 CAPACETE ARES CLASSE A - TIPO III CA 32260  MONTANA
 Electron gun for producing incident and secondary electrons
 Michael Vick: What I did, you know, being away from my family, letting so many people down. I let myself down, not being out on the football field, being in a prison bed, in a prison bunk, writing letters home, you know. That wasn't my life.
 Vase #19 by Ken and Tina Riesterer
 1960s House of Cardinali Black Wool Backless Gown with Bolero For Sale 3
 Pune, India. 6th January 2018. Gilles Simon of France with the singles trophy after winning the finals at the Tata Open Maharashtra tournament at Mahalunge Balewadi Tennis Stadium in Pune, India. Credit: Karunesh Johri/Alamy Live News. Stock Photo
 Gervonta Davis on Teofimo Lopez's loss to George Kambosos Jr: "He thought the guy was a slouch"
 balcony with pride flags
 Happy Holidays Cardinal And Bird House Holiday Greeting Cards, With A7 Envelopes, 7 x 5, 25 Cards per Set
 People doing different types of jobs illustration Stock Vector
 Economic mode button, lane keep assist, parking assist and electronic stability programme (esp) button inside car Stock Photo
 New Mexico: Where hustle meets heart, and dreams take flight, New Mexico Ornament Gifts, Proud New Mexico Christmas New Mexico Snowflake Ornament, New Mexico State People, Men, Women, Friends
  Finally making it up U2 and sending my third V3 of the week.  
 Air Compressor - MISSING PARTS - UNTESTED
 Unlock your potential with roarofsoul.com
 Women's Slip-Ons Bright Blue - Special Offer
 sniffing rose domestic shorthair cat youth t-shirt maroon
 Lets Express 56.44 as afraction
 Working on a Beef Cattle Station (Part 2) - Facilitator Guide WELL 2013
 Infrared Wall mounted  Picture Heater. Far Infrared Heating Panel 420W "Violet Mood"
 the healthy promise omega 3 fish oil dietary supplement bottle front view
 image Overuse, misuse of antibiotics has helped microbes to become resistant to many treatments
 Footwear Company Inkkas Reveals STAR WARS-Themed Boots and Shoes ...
####
:: Exercise objective ::
The output should be exactly the lines from the one containing "Infrared Wall mounted" to the final line of the listing above, inclusive.

:: Solved exercise ::
 Infrared Wall mounted  Picture Heater. Far Infrared Heating Panel 420W "Violet Mood"
 the healthy promise omega 3 fish oil dietary supplement bottle front view
 image Overuse, misuse of antibiotics has helped microbes to become resistant to many treatments
 Footwear Company Inkkas Reveals STAR WARS-Themed Boots and Shoes ...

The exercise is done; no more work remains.